- [Requirement] Using the data below, return the stretch from the line that contains "Overlijdensbericht van Willem" through the line that contains "Angebote Top Suppenfleisch", both included, exactly as it stands and nothing beyond it.

- [Source records]
+++
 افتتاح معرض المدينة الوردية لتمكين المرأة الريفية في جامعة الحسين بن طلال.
+++
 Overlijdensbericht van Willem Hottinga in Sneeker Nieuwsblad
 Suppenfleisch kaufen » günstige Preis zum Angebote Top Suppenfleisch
+++
- [Response area]
 Overlijdensbericht van Willem Hottinga in Sneeker Nieuwsblad
 Suppenfleisch kaufen » günstige Preis zum Angebote Top Suppenfleisch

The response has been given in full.